■ Data block
========================================================================
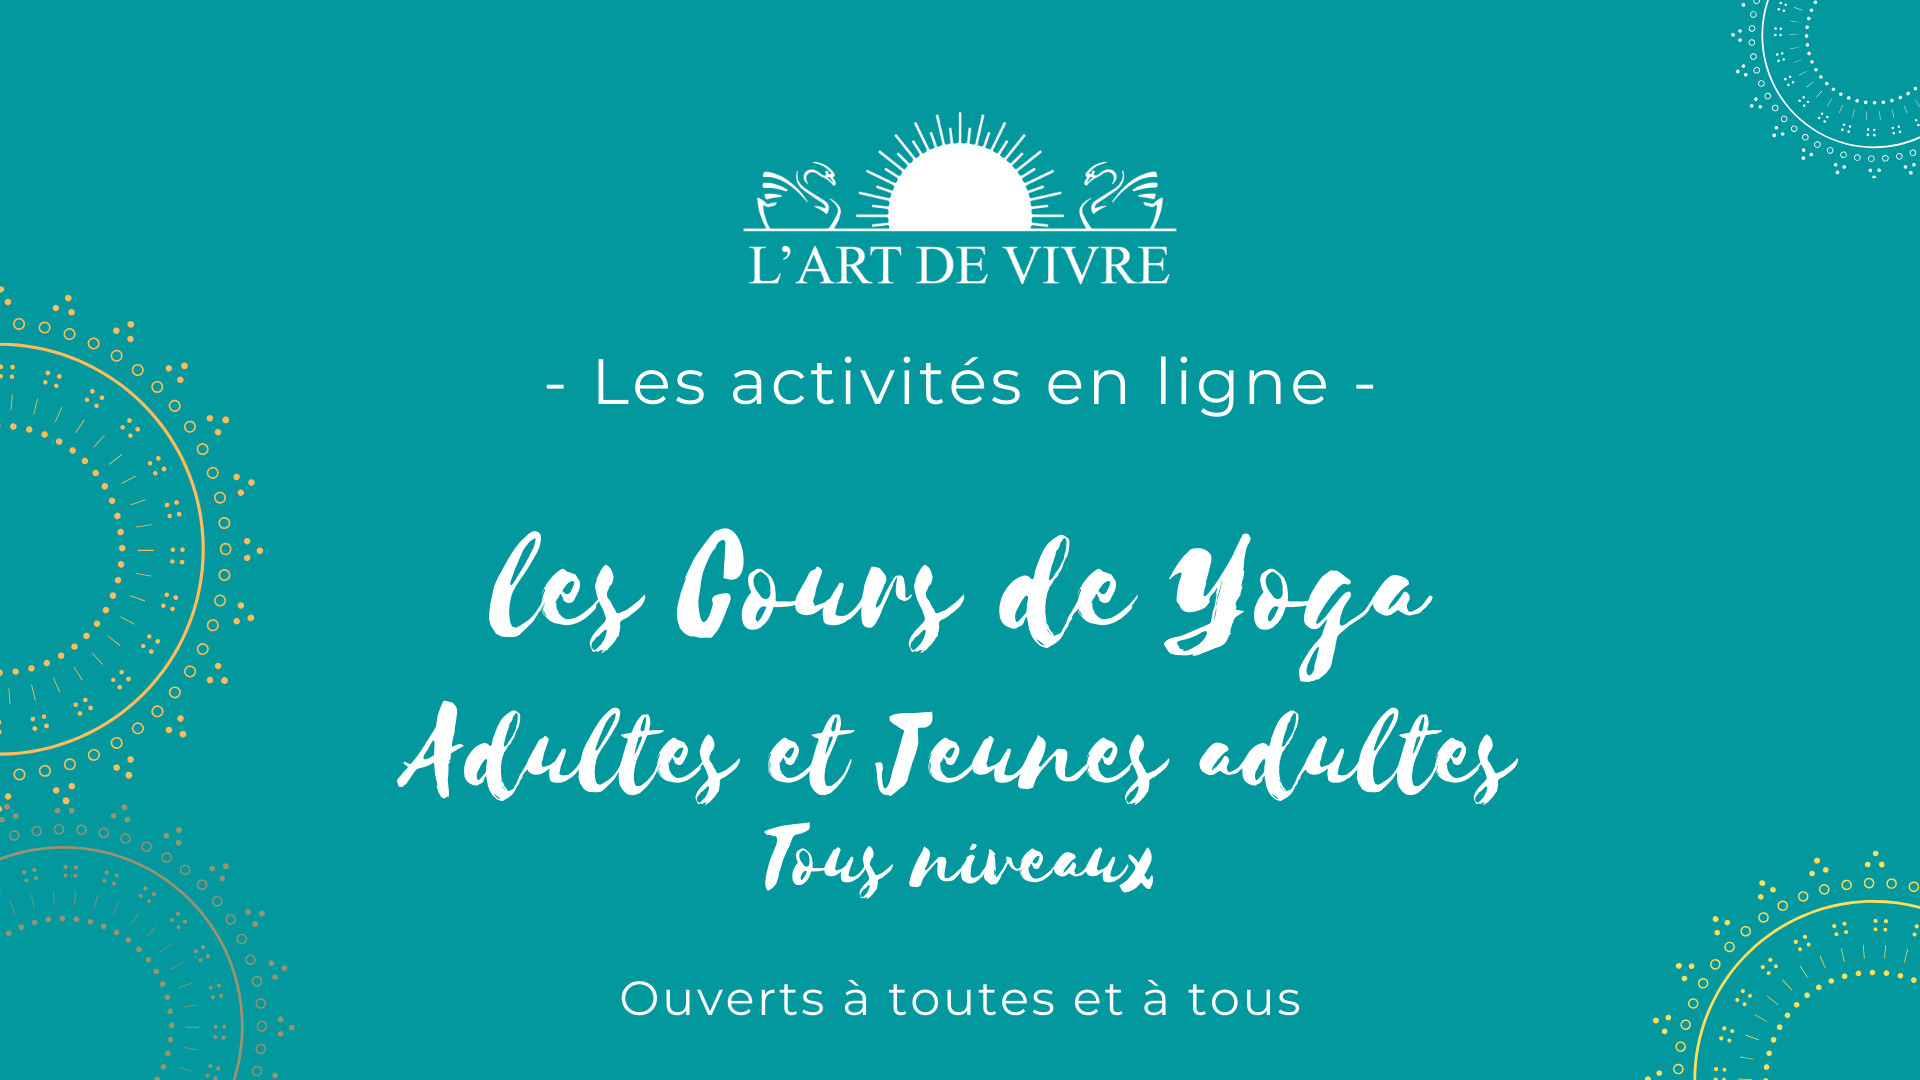 Les cours de Yoga pour adultes et jeunes adultes de l'Art de Vivre FRANCE en ligne
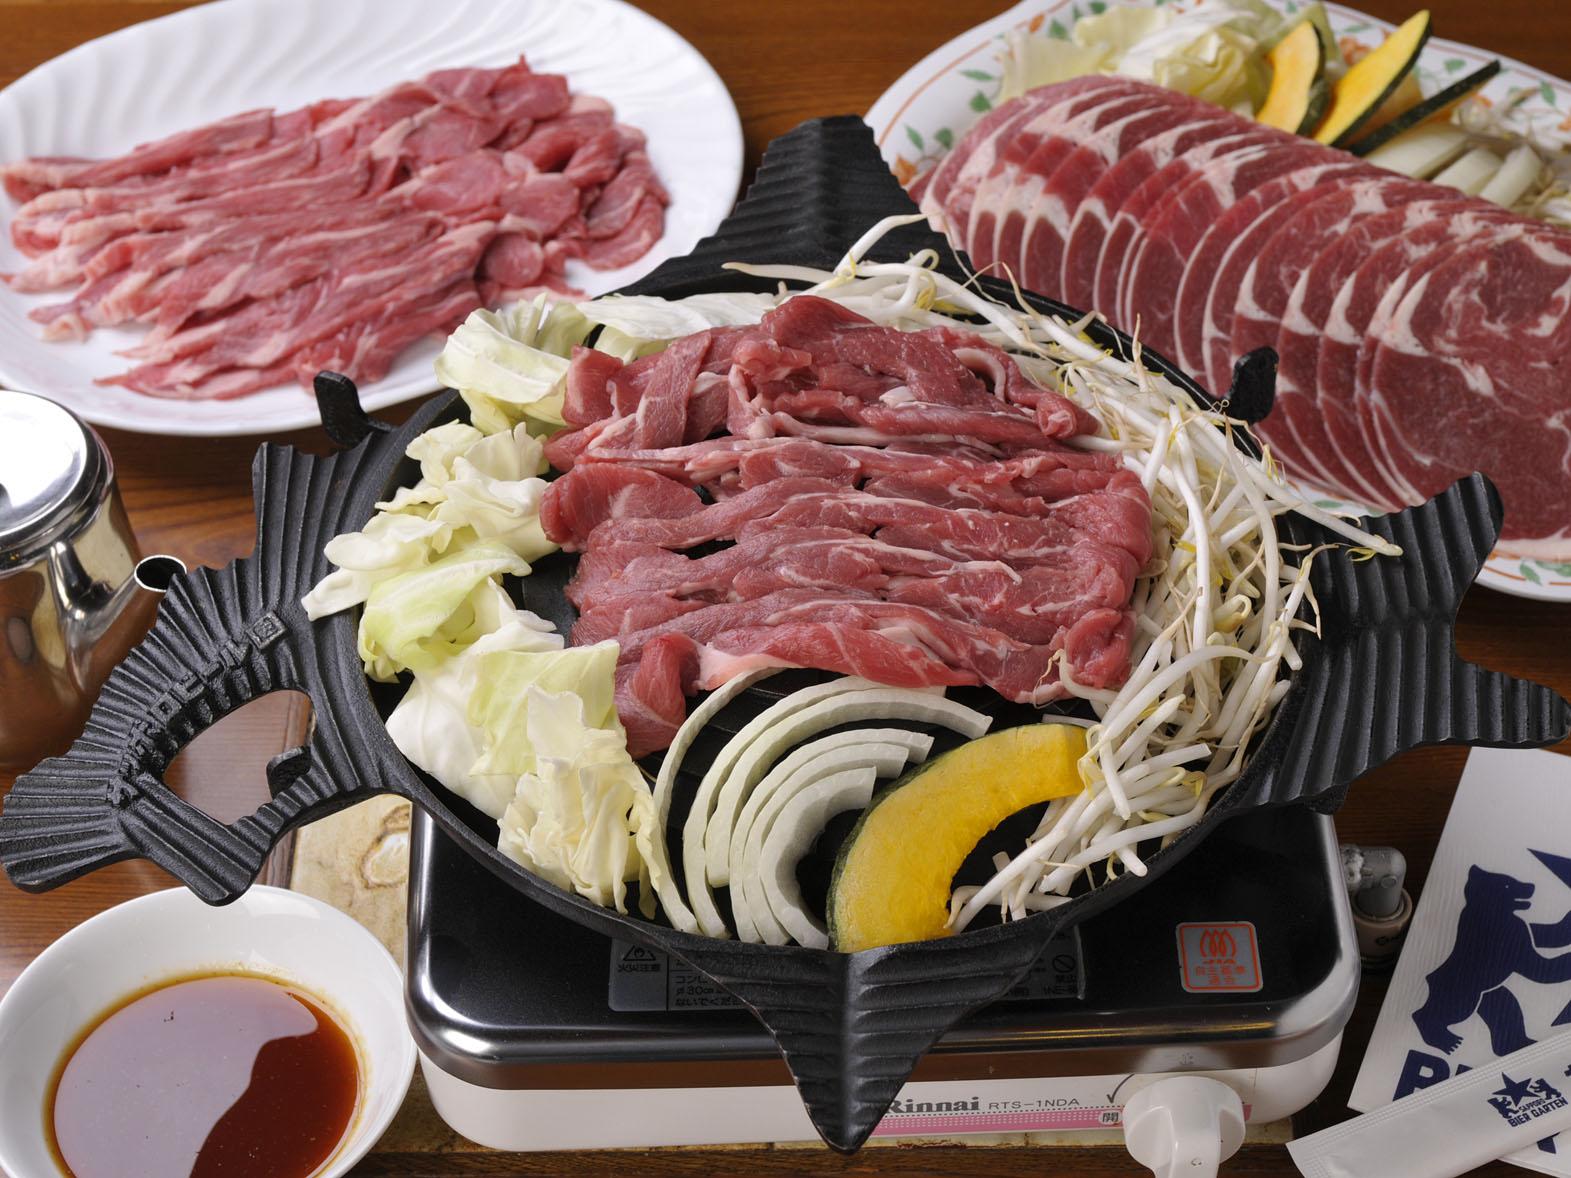 Genghis Khan mutton BBQ
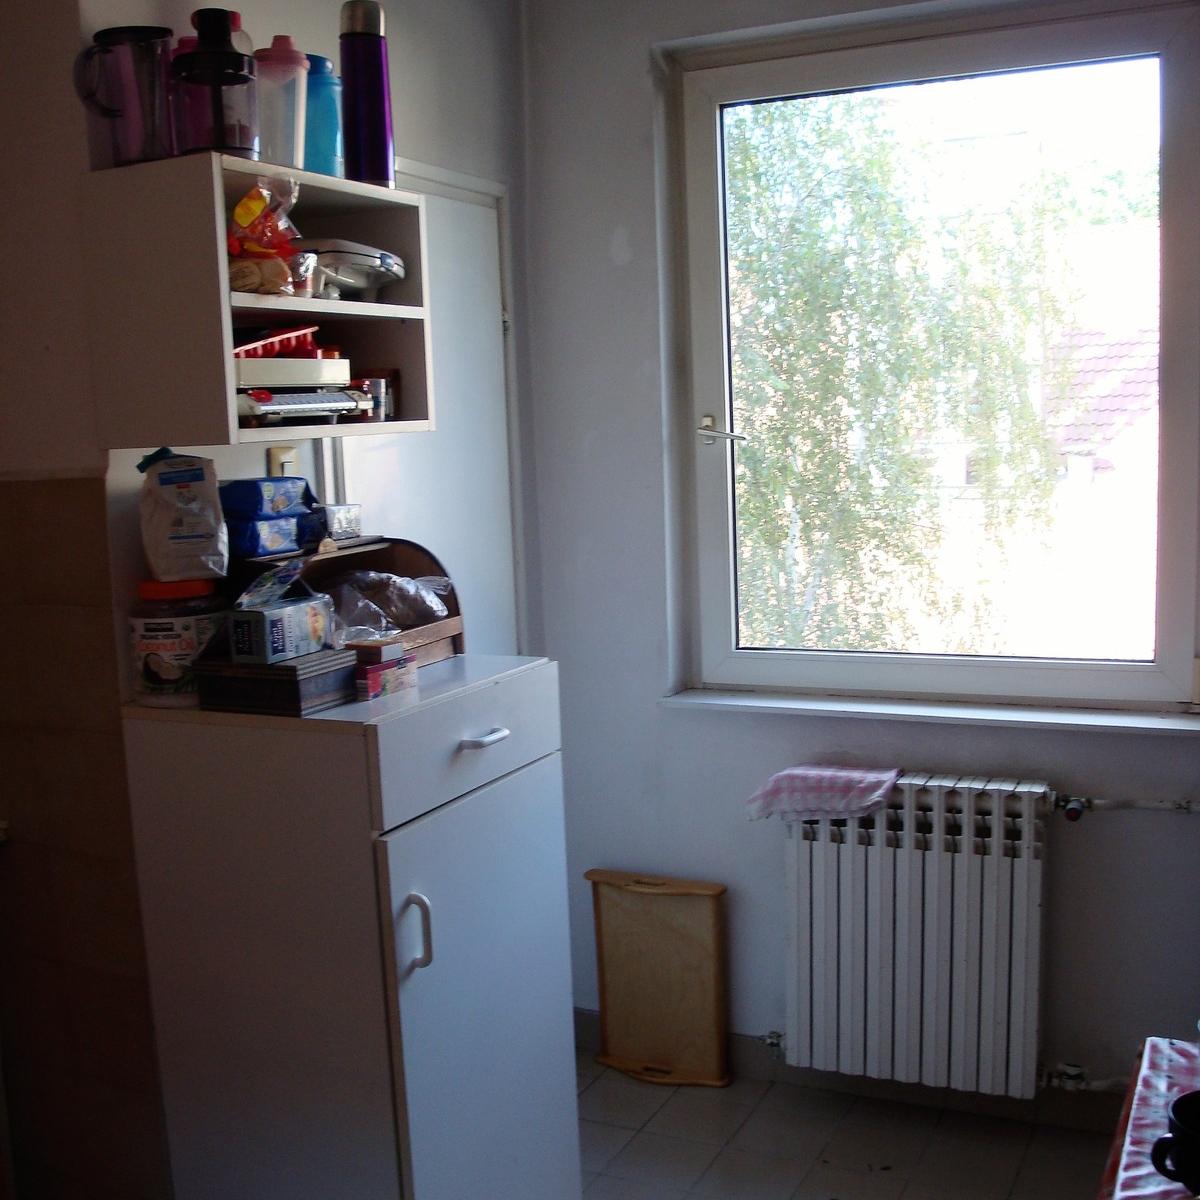 Eladó  téglalakás (Budapest, XIII. kerületBudapest, XIII. kerület, Hajdú u.) 0  Ft
========================================================================
■ To do
Everything from the line with "Genghis Khan mutton BBQ" through the last line of the listing should be retyped exactly, with both end lines kept and the pictures left out.

■ Result
 Genghis Khan mutton BBQ
 Eladó  téglalakás (Budapest, XIII. kerületBudapest, XIII. kerület, Hajdú u.) 0  Ft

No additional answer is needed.